Feat/sagemaker llms #234

isobel-daley-6point6 · 2025-02-05T09:13:23Z

Overview

This PR introduces SageMaker asynchronous inference endpoints to Data Workspace. SageMaker asynchronous endpoints can be used to deploy self-hosted ML models (including those that require GPUs, like LLMs). Users of Data Workspace tools (Theia/Jupyter/VSCode) will be able to invoke these inference endpoints. They will not have permission to deploy new inference endpoints.

Feature Flags

The overall SageMaker functionality has been introduced behind a feature flag (set by var.sagemaker_on).

A model-specific feature flag has also been added. This can be used to easily turn models 'on' and 'off'. In this PR, there is only one model (phi_2_3b). Therefore there is one model-specific feature flag, set by var.sagemaker_phi_2_3b.

High Level Summary of Functionality

SageMaker model artefacts are stored in S3 (model weights) and ECR (dependencies and inference code). A SageMaker model is created using these artefacts. These are deployed behind a SageMaker asynchronous inference endpoint with autoscaling.

A user can invoke the asynchronous endpoint from Data Workspace python tools using the boto3 library. When the SageMaker inference endpoints is called, a request enters the backlog. This triggers SageMaker to provision the necessary infrastructure (EC2 instance) to run this model. Once the model endpoint is available, the user's request is processed and the output is sent to a centralised SageMaker S3 bucket. Users of Data Workspace tools do not have access to this bucket. Instead, SNS triggers a Lambda function to run which copies the SageMaker output file from the centralised SageMaker bucket to the user's own Data Workspace file space. When no requests remain in the backlog, the infrastructure associated with the endpoint scales down.

Architecture Diagram

Implementation Details

SageMaker VPC

A new VPC has been created with a single private subnet. This VPC is used to host:

All SageMaker asynchronous inference endpoints
VPC endpoints for ECR, S3 and SNS

This VPC is peered with:

The main VPC to enable access to the SageMaker API and Runtime VPC endpoints
The notebooks VPC to allow users of DataWorkspace tools access to the SageMaker asynchronous inference endpoints

New VPC Endpoints in main VPC

Two new VPC endpoints have been added to the main VPC:

SageMaker Runtime: This endpoint manages requests to the deployed SageMaker models
SageMaker API: this endpoint enables programmatic access to SageMaker features (e.g. using the boto3 library)
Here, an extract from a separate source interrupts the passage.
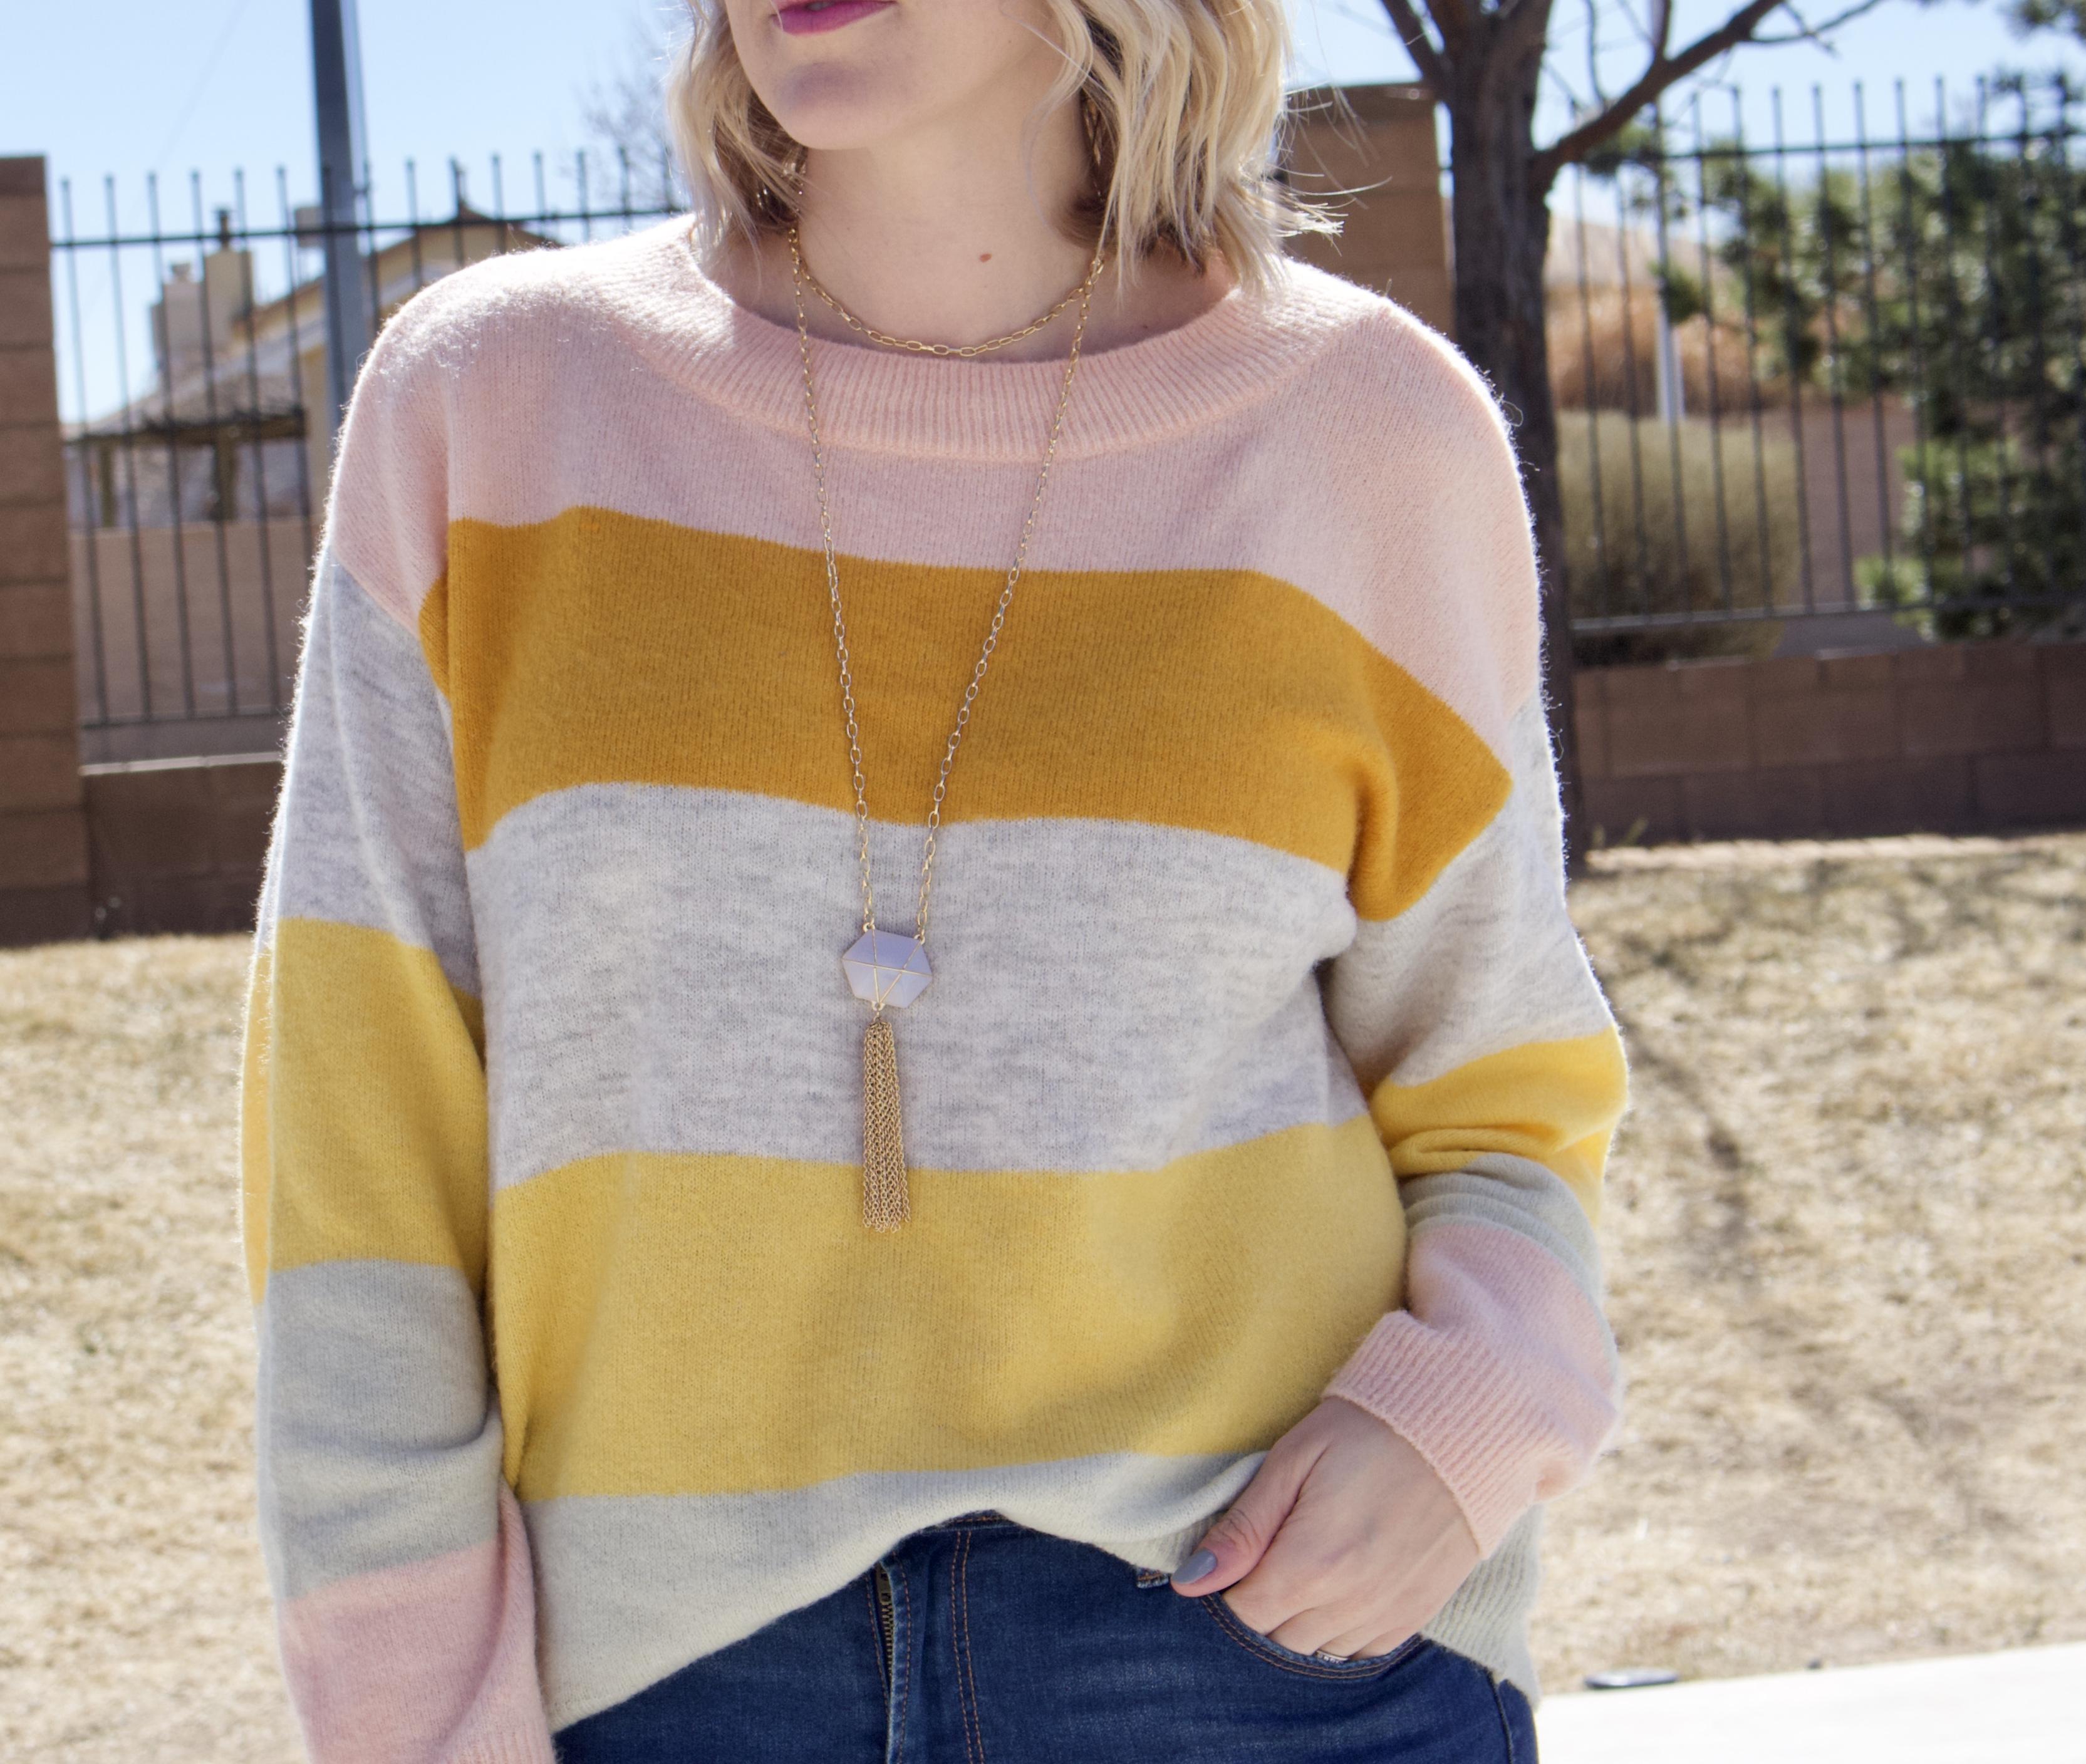 sugarfix by baublebar tassel necklace #baublebar #targetstyle #stripedsweater

These VPC endpoints have been placed in the main VPC as it is anticipated services like data-flow will need to access them in the future.

SageMaker Asynchronous Inference Endpoints

The sagemaker_llm_resource.tf file calls a reusable module ./modules/sagemaker_deployment. This module enables setup of new SageMaker asynchronous inference endpoints. Each new asynchronous endpoint consists of the following resources:

Model: this sets out the location on the model artefacts (weights and inference code) and VPC configuration.
Endpoint Configuration: Defines the endpoint type as asynchronous, set ups SNS success/failure topics and sets the S3 output location.
Endpoint: Brings together the model and endpoint configuration behind a deployed endpoint.
Cloudwatch Alarms: Multiple alarms are implemented to support autoscaling. These are based on various metrics, including CPU utilisation and backlog requests.
Autoscaling: Autoscaling policies (triggered by Cloudwatch alarms) are created to enable scaling based on workload requirements. These are based on CPU utilisation and backlog metrics.
Alerting via SNS Topics: SNS topics are triggered by specific alarms. SNS notifications currently trigger Lambdas set up to send Slack notifications (NB: this will be migrated to Teams in due course).
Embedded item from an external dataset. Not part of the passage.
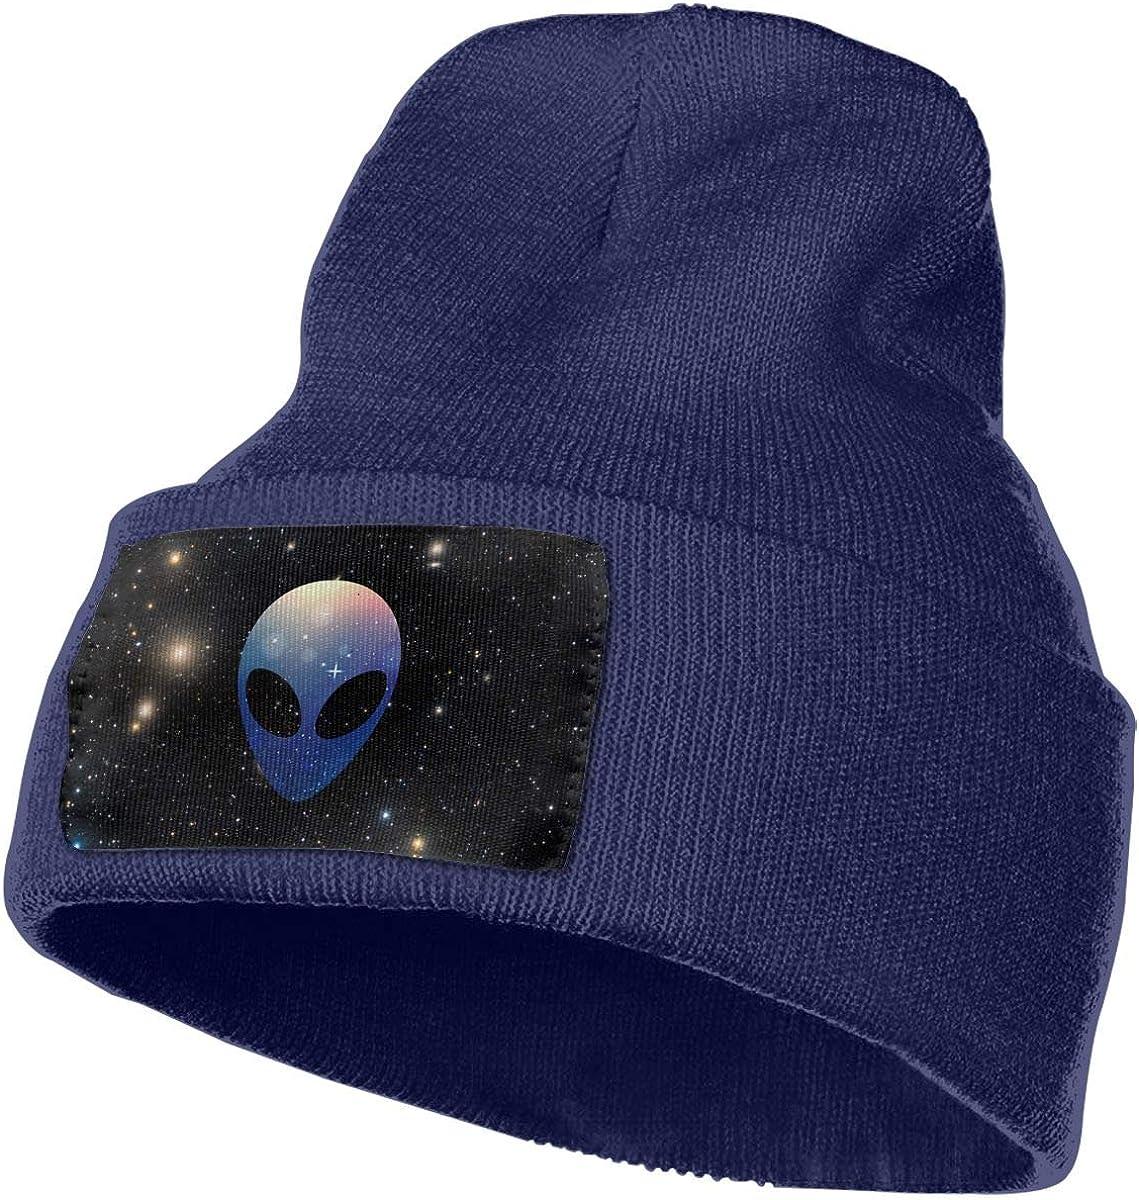 Space Alien Head Colorful Winter Beanie Hat Knit Skull Cap for for Men /& Women

SageMaker is granted permissions via the inference and execution roles to do the following:

Access specific S3 buckets:
- SageMaker output bucket to publish the model's response
- Notebooks bucket to access user's inputs
- Model artefacts hosted in a specific AWS owned account
ECR to access model artefacts
Cloudwatch to publish logs for monitoring
Application-Autoscaling to enable autoscaling of underlying infrastructure
EC2 to create ENIs to associate with the underlying infrastructure on which the models are being run
Logs to enable logging

Lambdas

Lambdas have been implemented to cover the following

Copying the model's outputs from the central SageMaker output bucket to the user's own files area. This is triggered by a "success" notification to the SageMaker success SNS topic
Copying logs from Cloudwatch to S3 (may be removed)
Sending alerts to Slack when Cloudwatch alarms are triggered

AWS Budgets

AWS budgets has been set up to support tracking of costs relating to SageMaker

Data Workspace Tools: User Permissions

Permissions have been added to the notebook_task_execution policy to allow:

The SageMaker API VPC endpoint and SageMaker runtime VPC endpoint to be used. These VPC endpoints are located in the main VPC. These VPC endpoints allow programmatic access to the SageMaker inference endpoints.
SageMaker inference endpoints to be described, listed and invoked.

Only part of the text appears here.